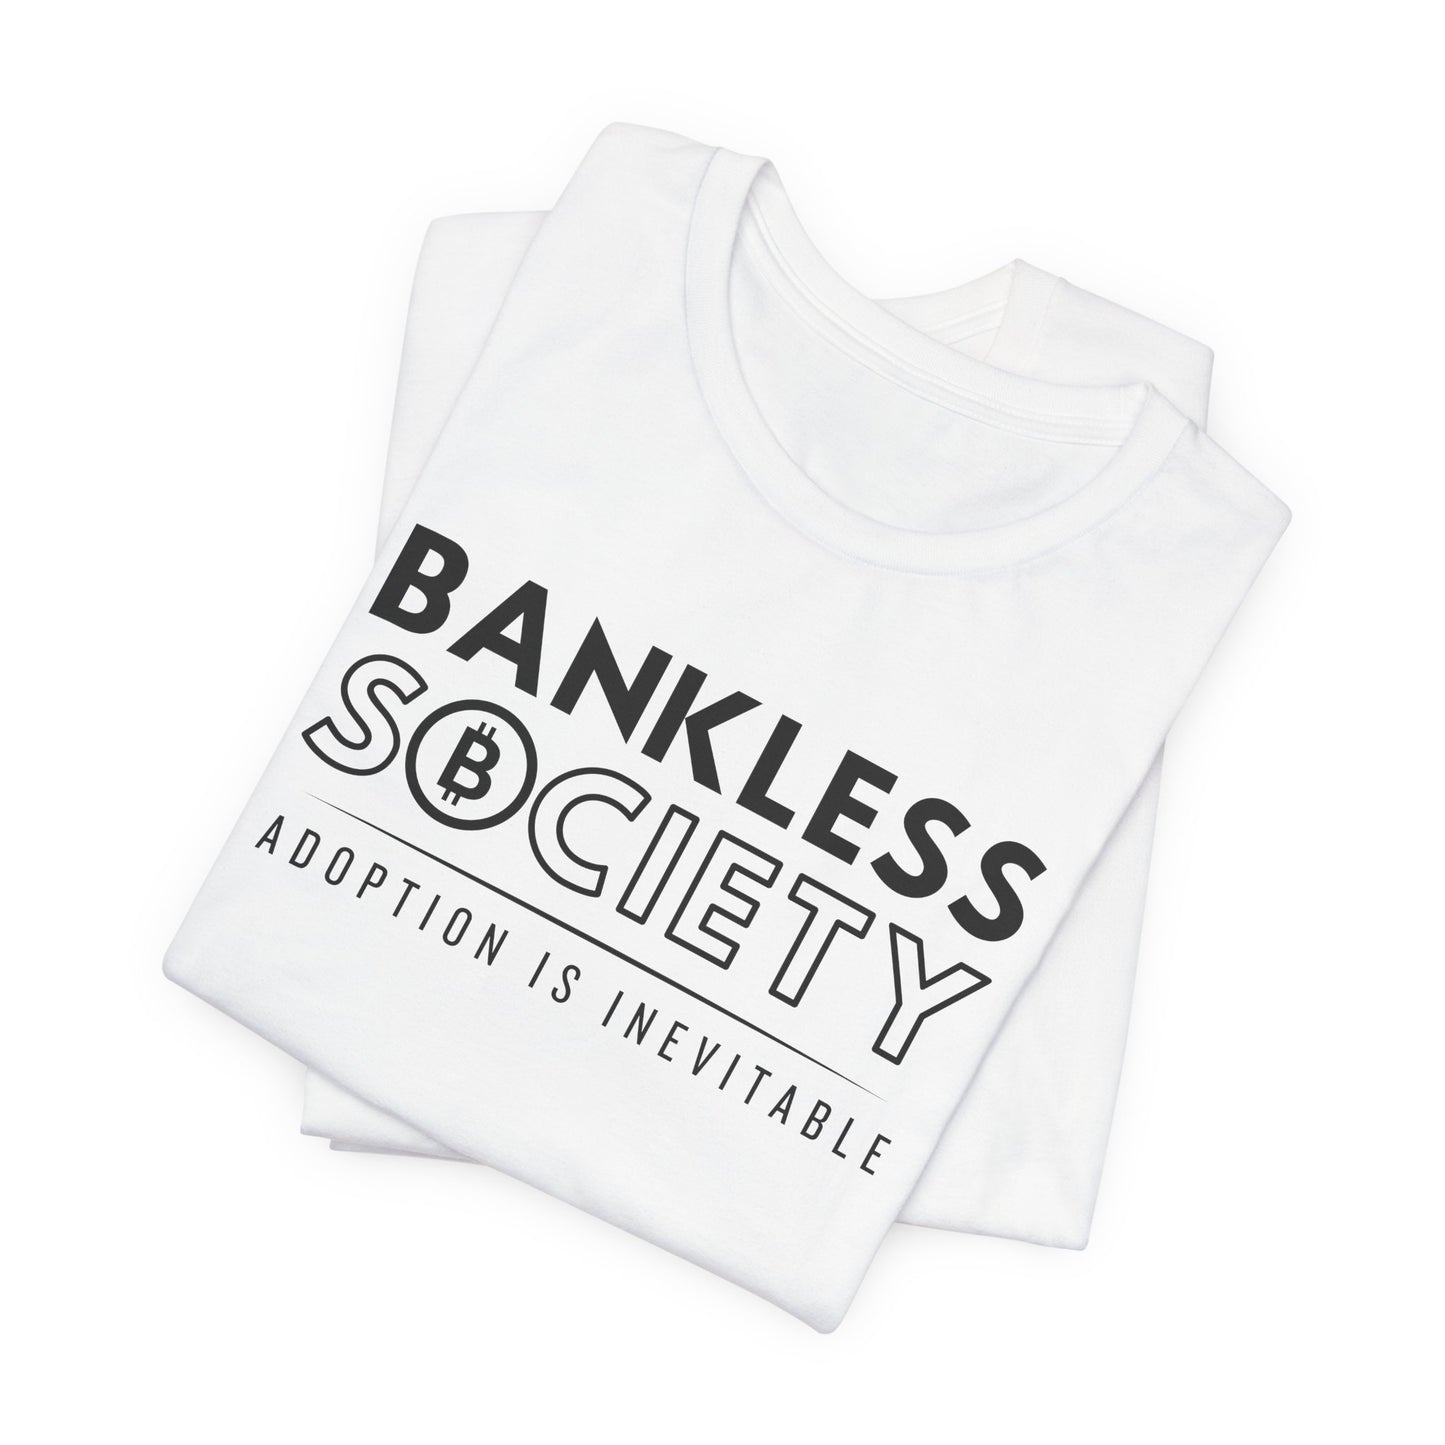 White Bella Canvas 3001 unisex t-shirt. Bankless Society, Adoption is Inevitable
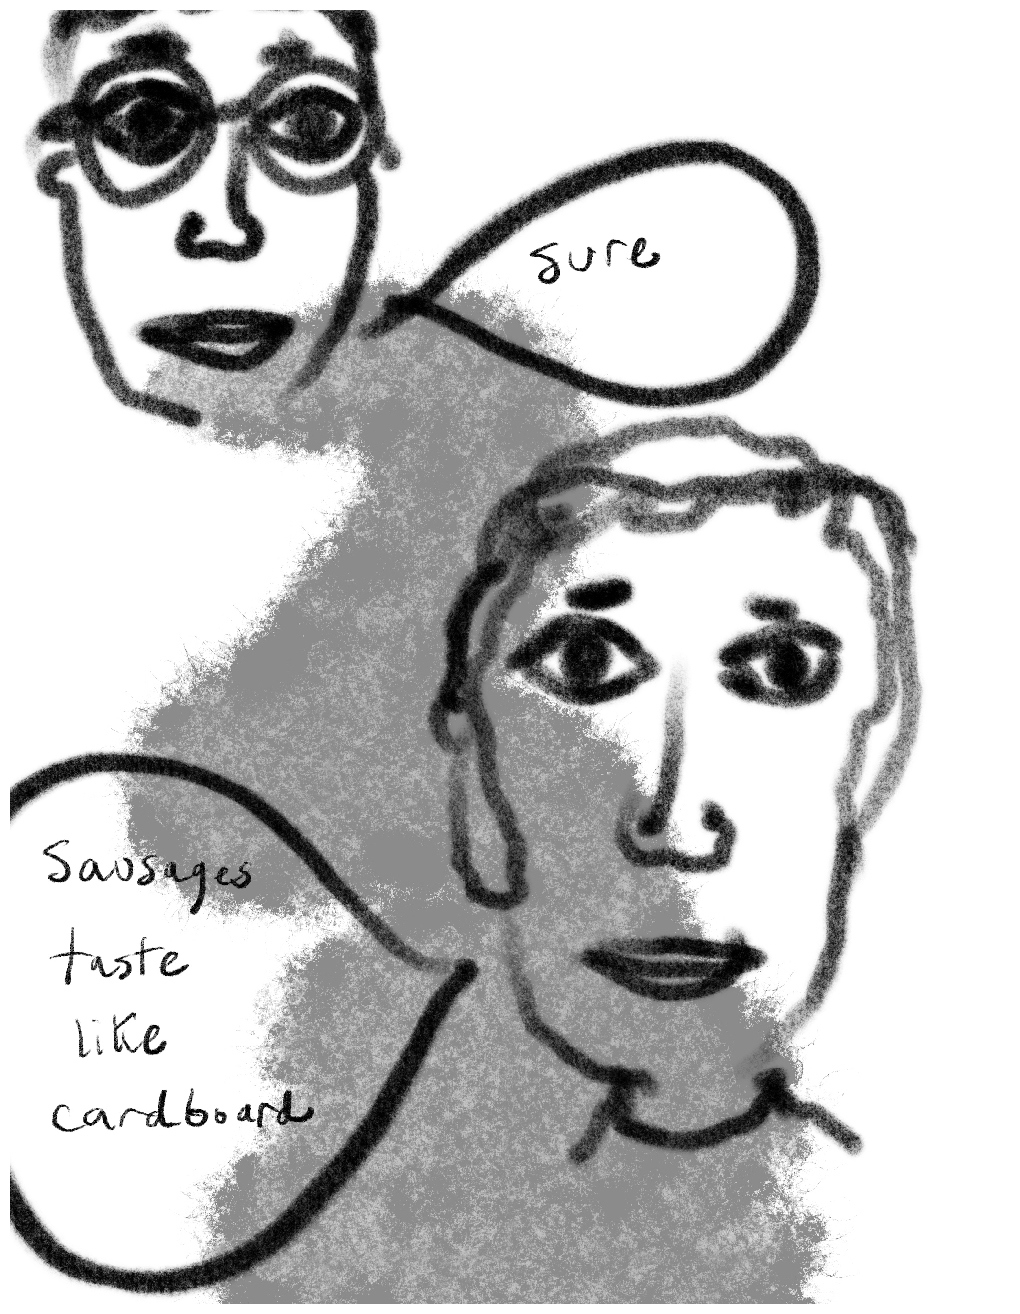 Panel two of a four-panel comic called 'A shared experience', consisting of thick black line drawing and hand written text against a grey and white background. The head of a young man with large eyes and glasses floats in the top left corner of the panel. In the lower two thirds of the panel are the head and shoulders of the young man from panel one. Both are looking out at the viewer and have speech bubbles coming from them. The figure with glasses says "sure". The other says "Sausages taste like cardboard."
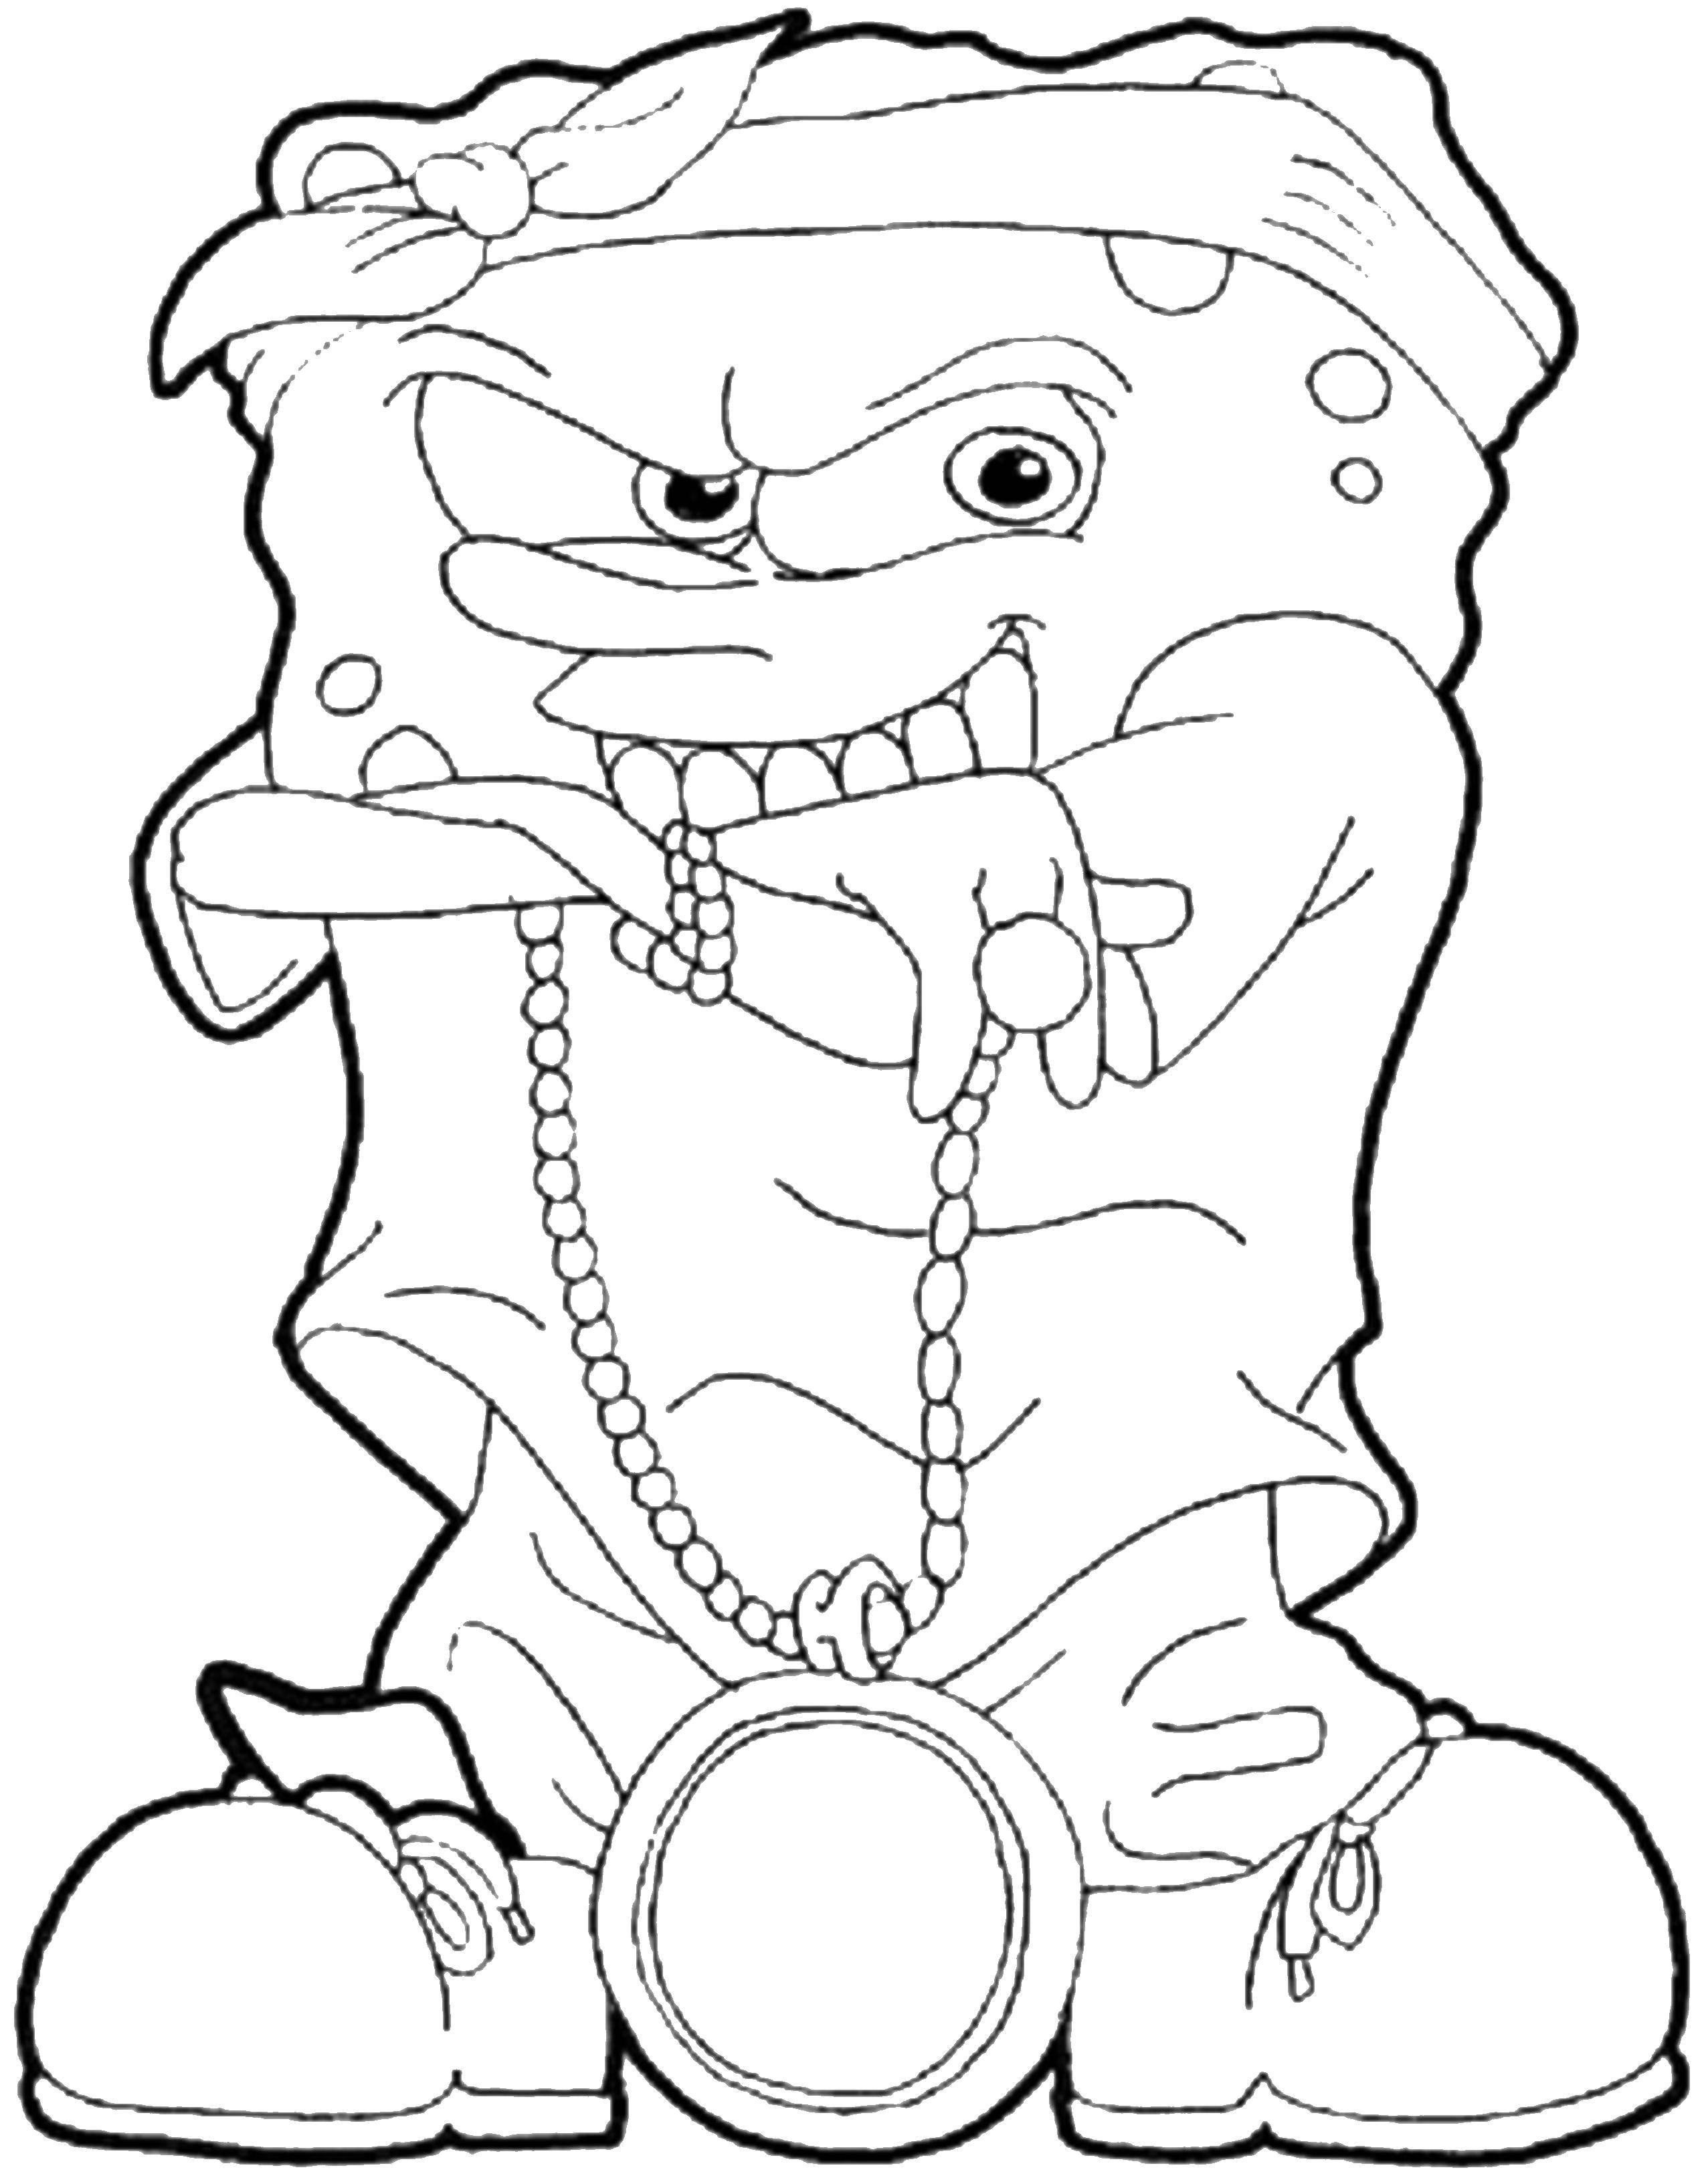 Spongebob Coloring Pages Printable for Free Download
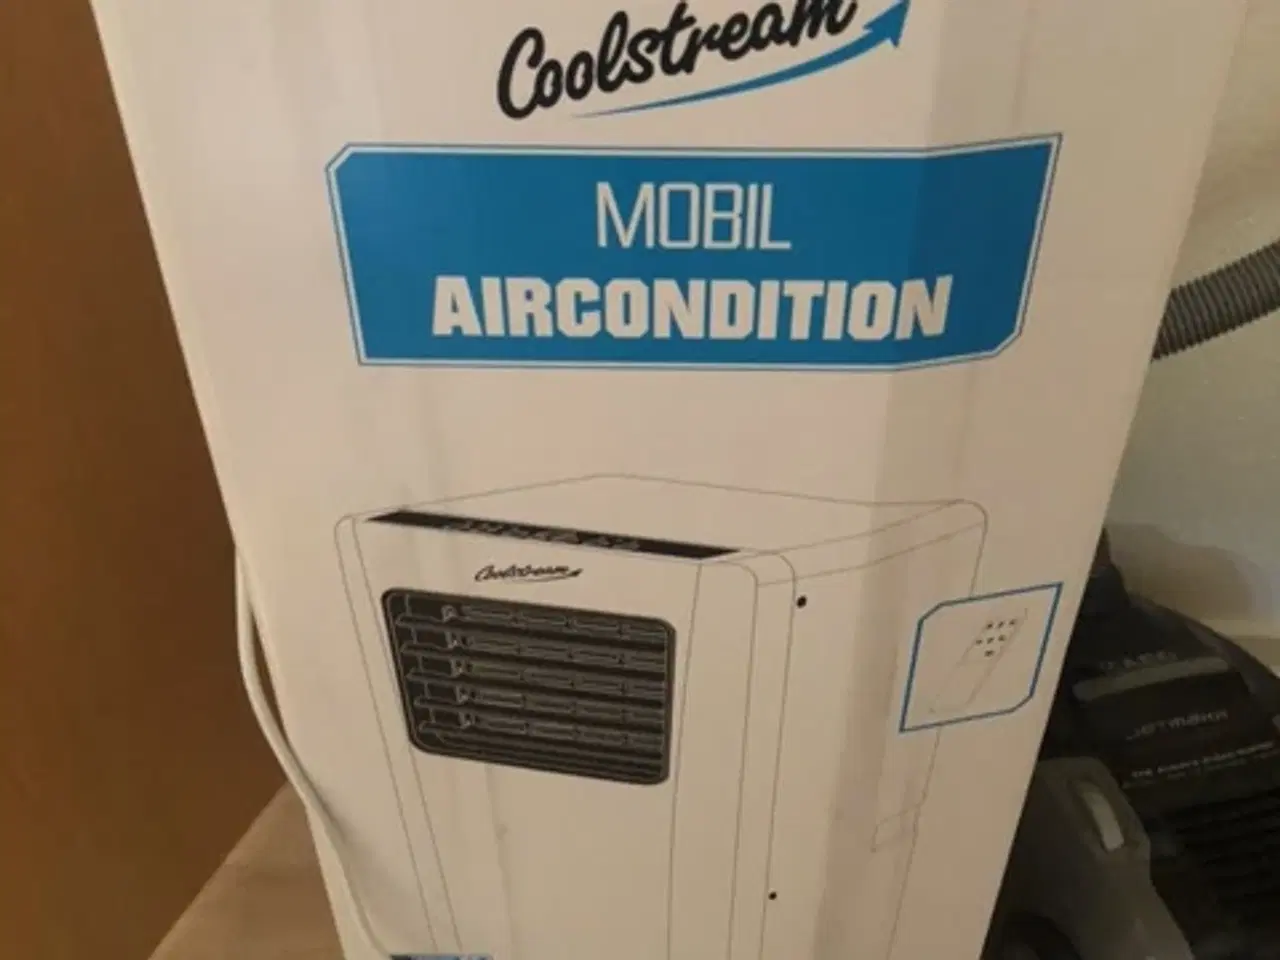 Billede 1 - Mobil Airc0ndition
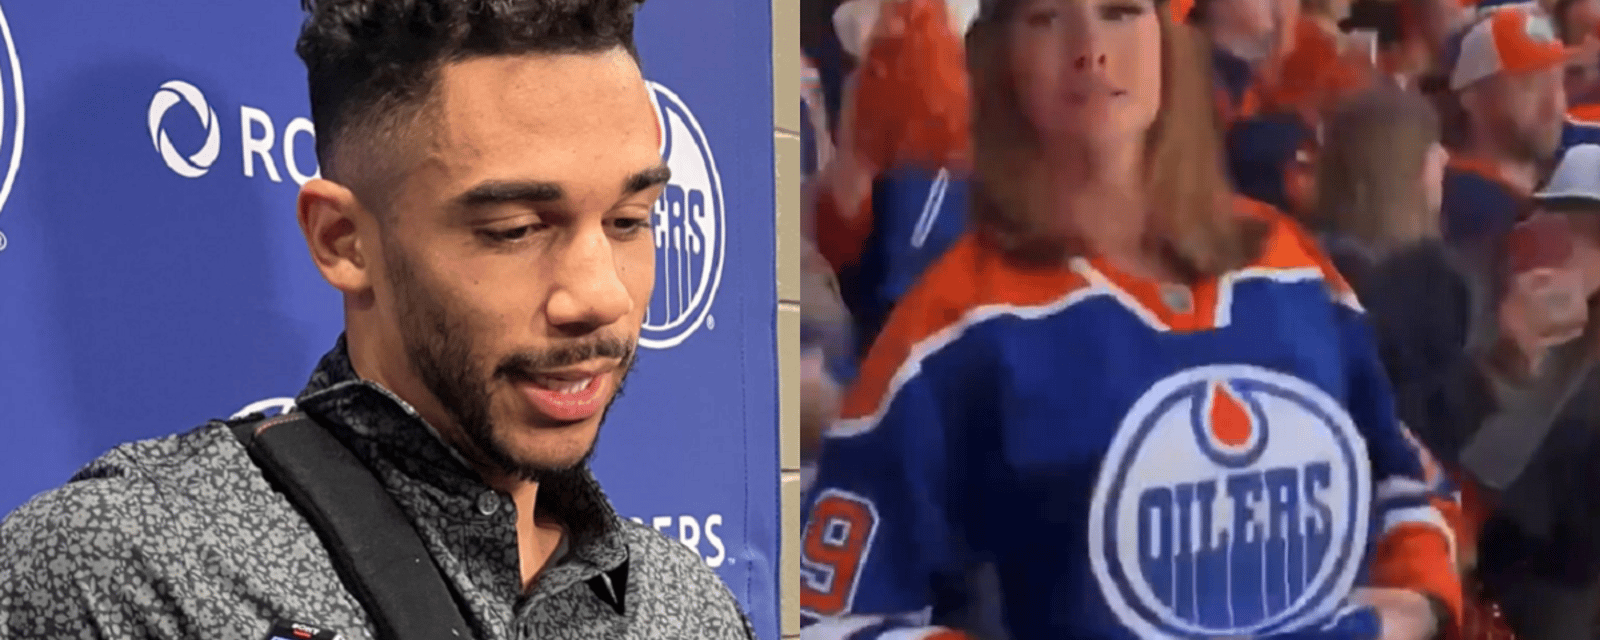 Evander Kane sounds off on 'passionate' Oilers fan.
##############################
Starting at the line that contains "Billede 1 - Mobil Airc0ndition" and ending at the final line of the data, reproduce each line exactly. Pictures stay out of the copy.

ANSWER TO THIS TASK ▸
 Billede 1 - Mobil Airc0ndition
 Evander Kane sounds off on 'passionate' Oilers fan.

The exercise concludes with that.